Heroin is becoming one of the worst epidemics our country faces.
Around 64 000 people died from drug overdoses in 2016, making overdoses the leading cause of death among Americans under 50.
One person who knows the devastation these needless deaths cause is mom Susan Lamoureux. She went to Facebook to describe her beloved daughter Alexa. Alexa was a thoughtful, animal loving, vibrant Dean’s list student who brought joy to the lives of everyone she crossed paths with.
Alexa died of a drug overdose in September last year, at the age of 28.
Her mom’s emotional letter is a must read for anyone who thinks that heroin could never affect them.
Read Susan’s letter below, then please help us share her message to help prevent more lives being tragically lost.
“Is the girl in the photograph the image you picture when you hear the words ‘heroin addict’?
This is my daughter, Alexa. And from the moment she was born to the moment she left this earth, she was adored. Loved not only by her family but also by those whose path she crossed. She was inquisitive, playful and intelligent. She was kind and loving with a smile that lit up a conversation, lit up a room, and warmed a heart.
She loved books, especially books about spirituality, holistic living, books to help her understand the injustices in the world, and ways that she could find herself. Among her favorites were “The Secret”, “Breakfast at Tiffany’s”, and Victorian romances.
Alexa had a devotion for animals especially horses and her two dogs and spent time training them and caring for them. She kept journals throughout her life with pages full of raw emotion, poetry, and delicate sketches. She was deeply sensitive and felt life intensely.
In the beginning of her college years, Alexa excelled in her classes and earned her place on the Dean’s List. Sometime later, still in college, she met a ‘friend’; a young man who gave Alexa her first dose of heroin. “Just give it a try”. “What harm can it do”? It was from that first use, our daughter became physically and mentally addicted to this drug.
She fought desperately and admiringly to overcome the tremendous grip heroin had on her life. Every single day was a battle for Alexa as well as those of us who loved her and had to watch her suffer.
We did everything we could; would have given our lives for her.
Despite the love and guidance bestowed upon her, the rehabs and detoxes, her perseverance, heroin inevitably took her in and suffocated every dream and aspiration she ever had.
Alexa died of an overdose on September 21st, 2017. She had periods of time where she was free from heroin. During these times she begged God to keep her sober, sought counseling, used holistic practices, and tried to keep her focus on holistic living and organics, and exercise.

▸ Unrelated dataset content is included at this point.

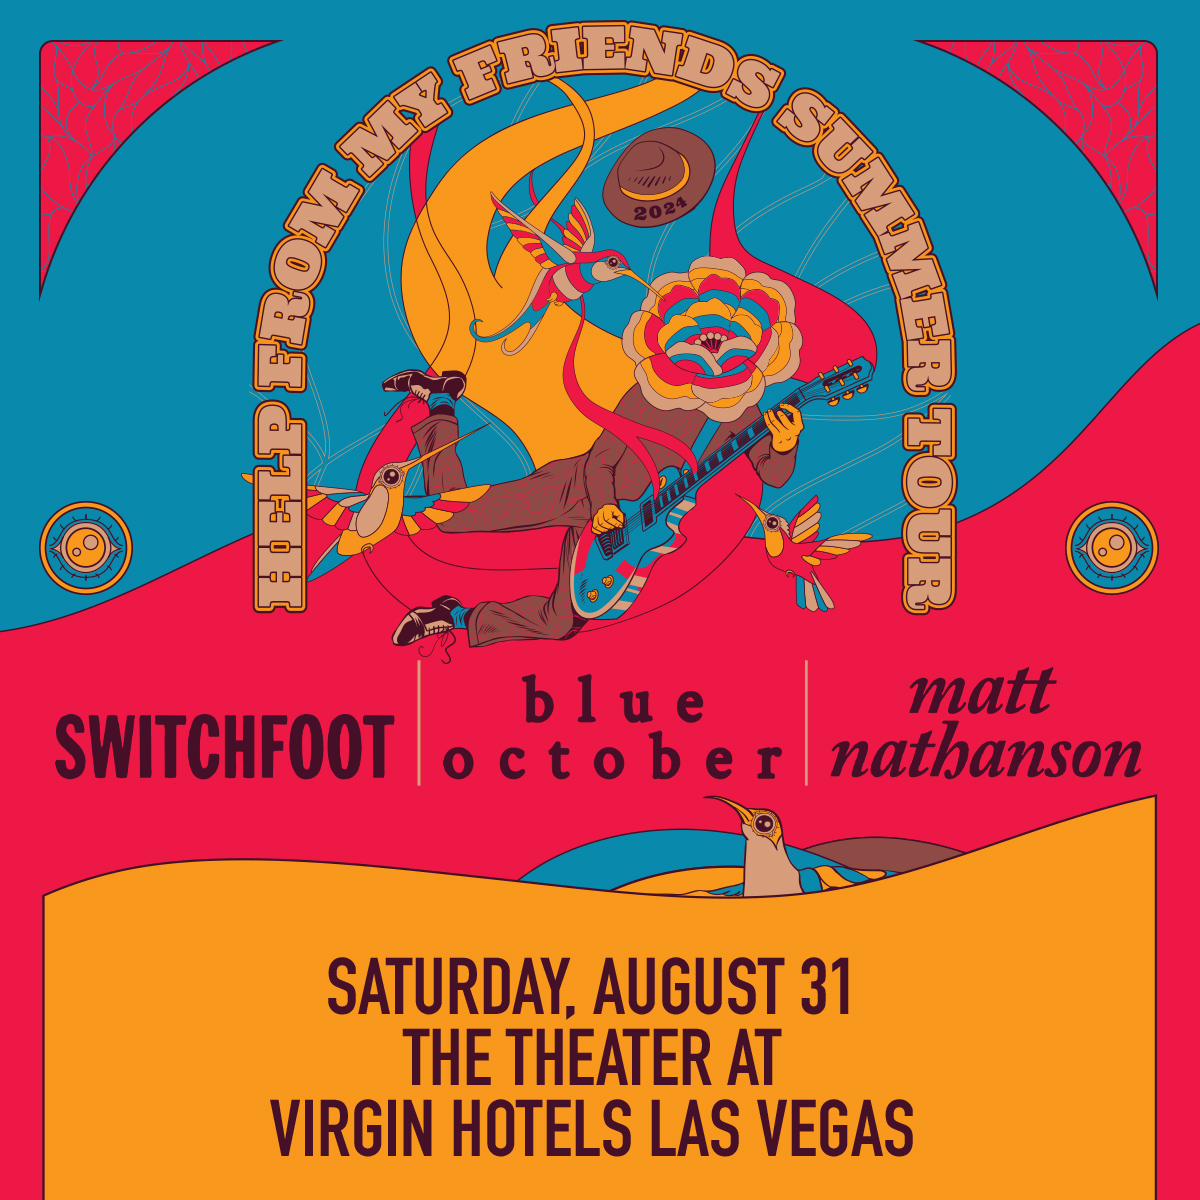 SWITCHFOOT/BLUE OCTOBER/MATT NATHANSONThe Theater at Virgin Hotels Las Vegas

But the darkness would eventually settle in again and she would turn to the very drug that caused her so much pain, desperate to escape for a time from her tortuous thoughts of guilt and shame she felt hurting the family she loved so. Alexa described heroin as a “very lonely drug that takes you away from every part of your life and leaves you hanging on the brink of death”.
This is Alexa’s story and I ask that you share it with your loved ones and friends. Because:
1. The horrible stigma that many people have of heroin addicts needs to be dispelled. Our daughter was beautiful, intelligent, educated and well spoken. She was given every opportunity a child should have.
We are hard working parents who have raised our children with morals and values. We are not addicts. We are normal people who have always given the best to our children.
Alexa was not a ‘street junkie’. She worked from the age of 16 and supported herself up until a few months before her death. She was somebody. She was our beloved daughter. And we will forever wonder if there was anything we could have done differently.
2. If this can happen to Alexa then it can happen to anyone. It only takes one time to become addicted to heroin. ONE TIME is what it was for Alexa. She took heroin having no idea the power it would have over her.
Heroin is EVERYWHERE. Alexa used for the first time on her college campus while she was drinking and her judgement was weakened. Your loved one could be offered heroin, just like Alexa. He/she might take it and think they won’t get addicted, just like Alexa.
You can be assured that if my precious daughter, who had the world at her feet, could become addicted to heroin and die from an overdose, it can just as easily happen to your child or loved one as well.
Please share my daughter, Alexa’s story and when you do, please show her picture.
Sharing the heartbreaking story of Lexi, written by her mother, Susan:Is the girl in the photograph the image you…
Posted by East Windsor, CT Police Department on Wednesday, December 6, 2017
Please remember Susan’s story and be aware that any face could be the face of heroin.